Отец хоть и захмелел, но сохранял свою умственную степенность хозяина. С неудержимой пьяненькой улыбкой он безнадежно махнул рукой:

— Вот шумошедший! Он и за столом чехарду устраивает.

Миколай Андреич зыбко подбежал к Паше, подглядел на нее чертом, расправил усы, вскинул одну руку вверх, другую изогнул фертом и начал отбивать причудливую дробь сапогами.

Выходила молода…

задорно выпевала Паша, плавно обходя Миколая Андреича, а он подхватил залихватски:

За тесовы ворота.

Машуха впервые засмеялась и укоризненно протянула:

— Ондреич! Греховодник! Заразбойничал.
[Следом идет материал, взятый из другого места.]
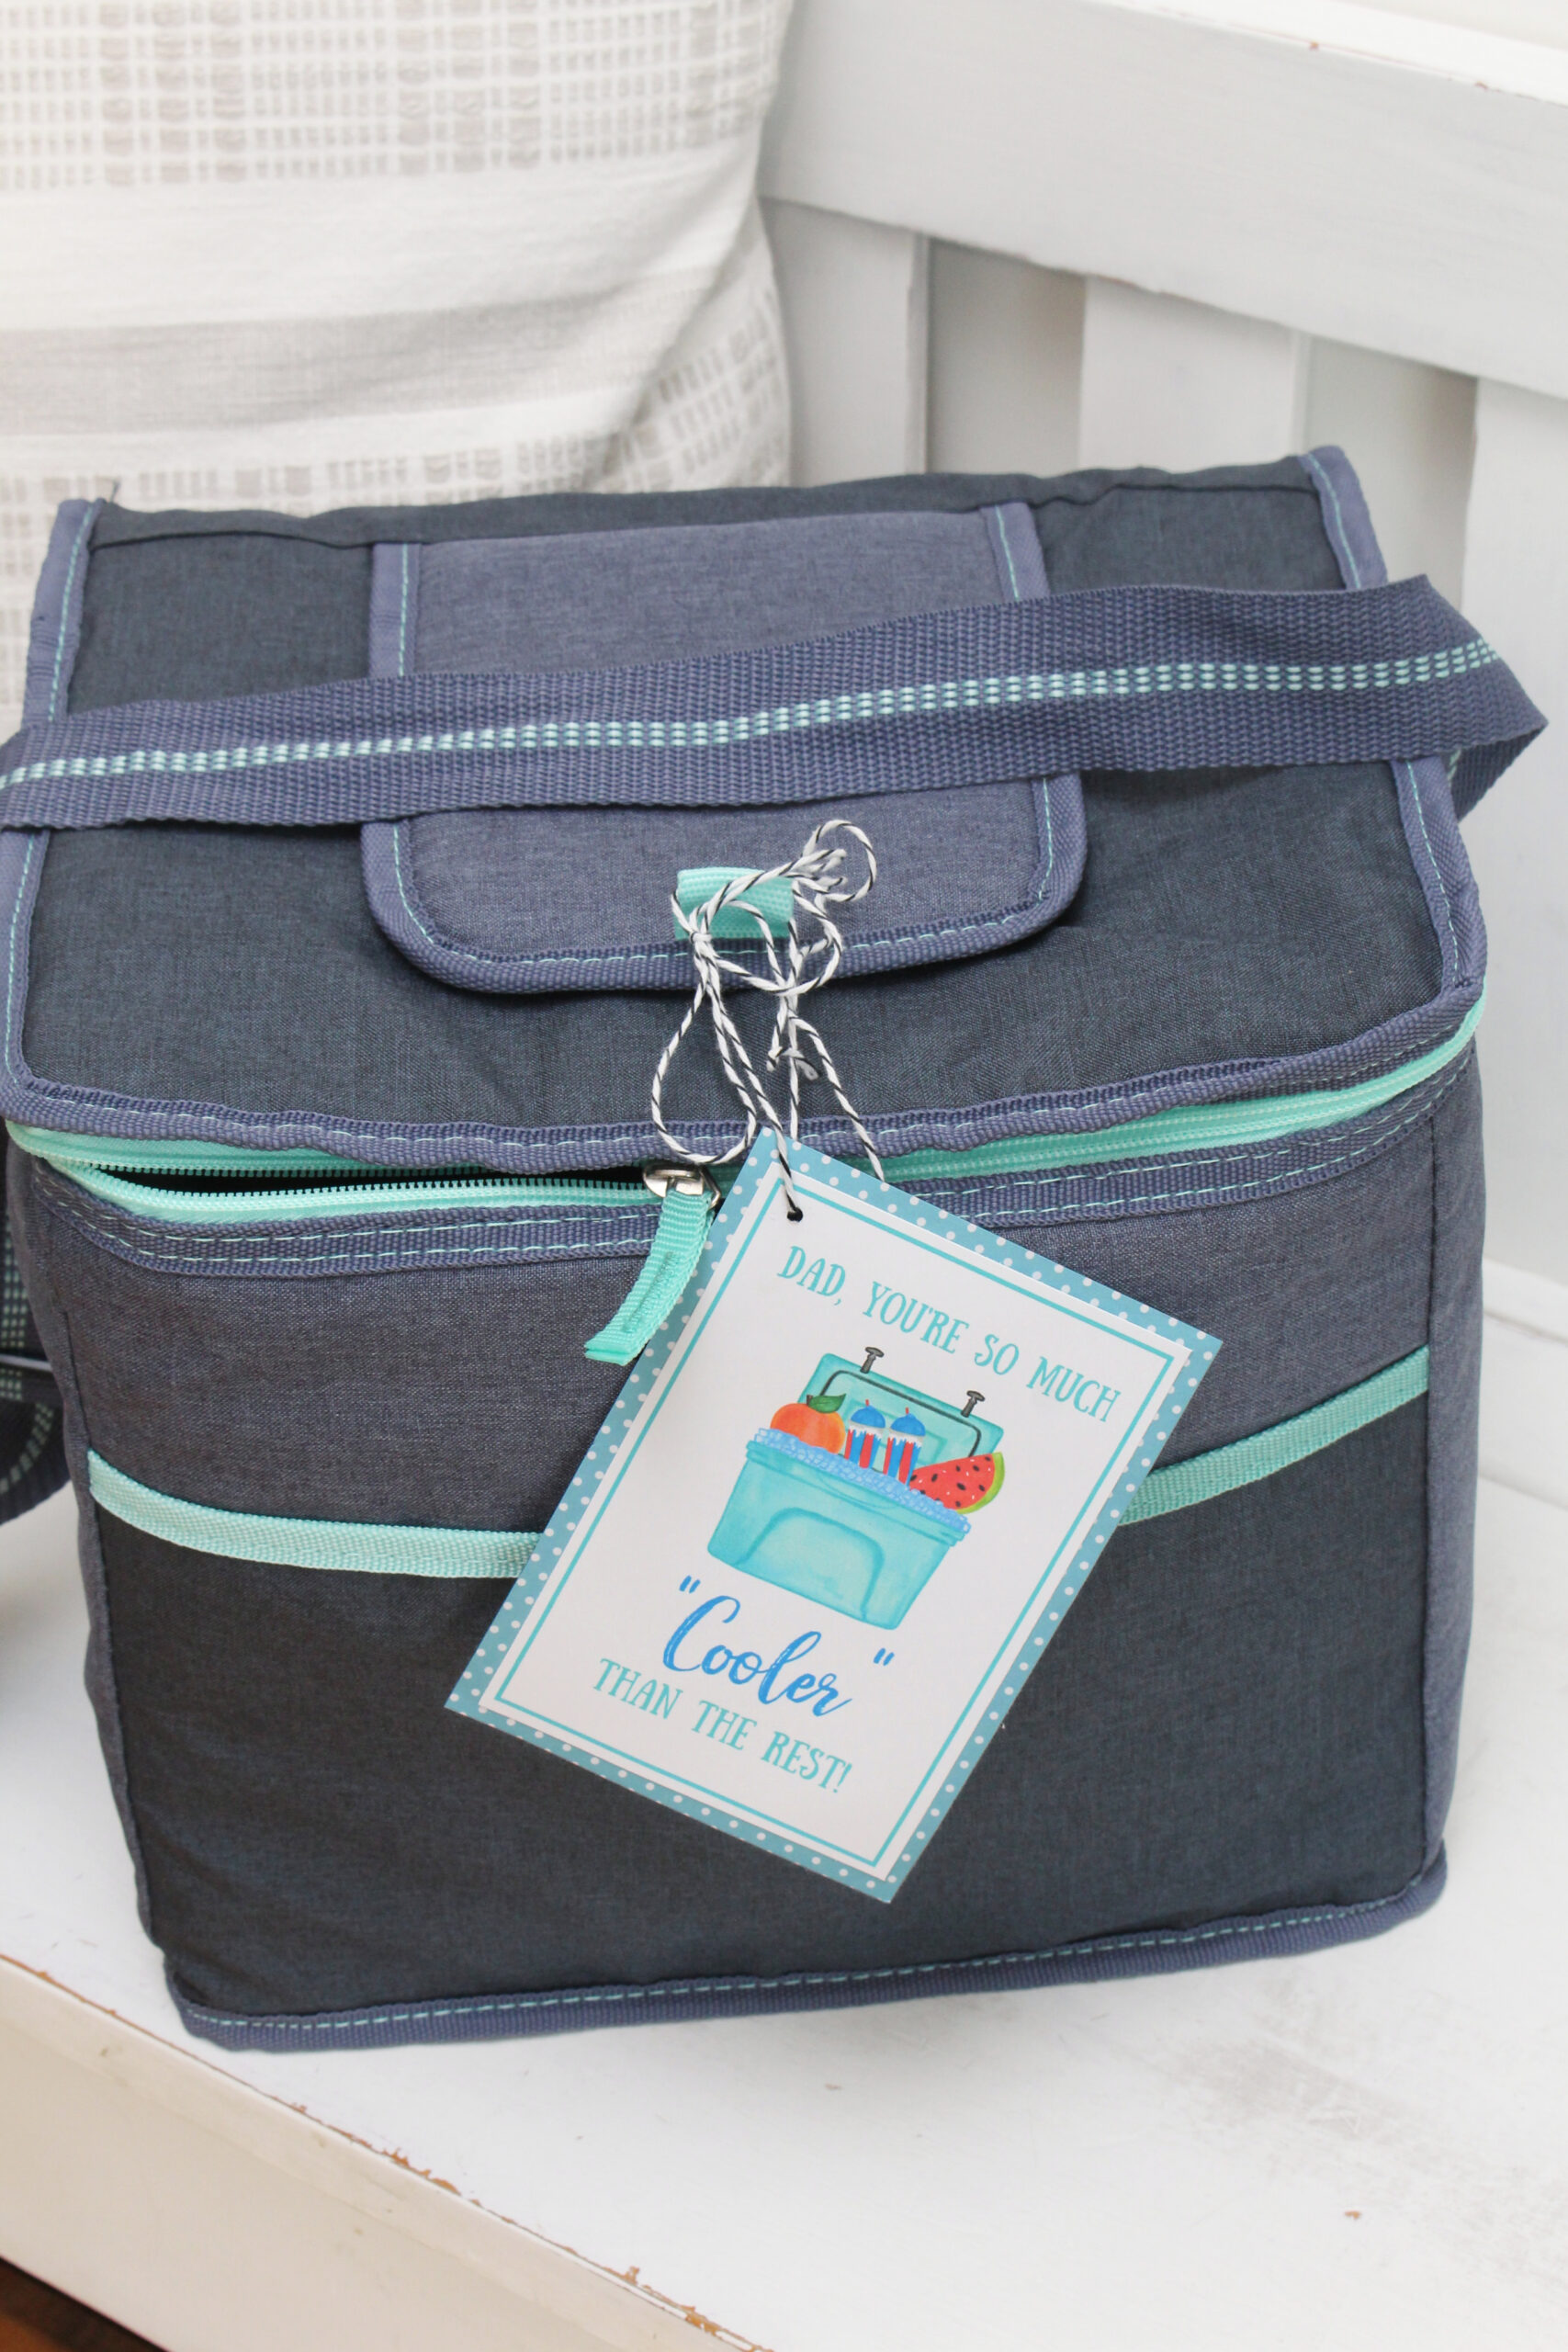 Ice cooler Father's Day gift with free printable coordinating card.

Удержу на тебя нету.

А он яростно откликнулся:

— Я тебе не Ондреич, а Коля. А ты кто? Жена рабочего человека. Эх, Паша, тебя бы в нашу рабочую артель.

Я даже испугался, когда увидел, как мать с необычно строгим лицом выпорхнула из-за стола. Я никогда еще не видел, как она плясала, и сразу же засмеялся не то от любви к ней, не то пораженный легкостью и красотой ее движений.

Агафон, глядя на пляшущих, бил кулаком по столу.

— Жарь, дуйте горой! Бей горшки, топчи черепки!

Паша, не подгадь! Эх, коса ты моя вострая! Едем кататься, родители!.. Прокачу вихорем! Засыплю колокольчиками-бубенчиками. Живем не тужим, грешим, а дюжим, тесть…

Мать плавала между Пашей и Миколаем Андреичем.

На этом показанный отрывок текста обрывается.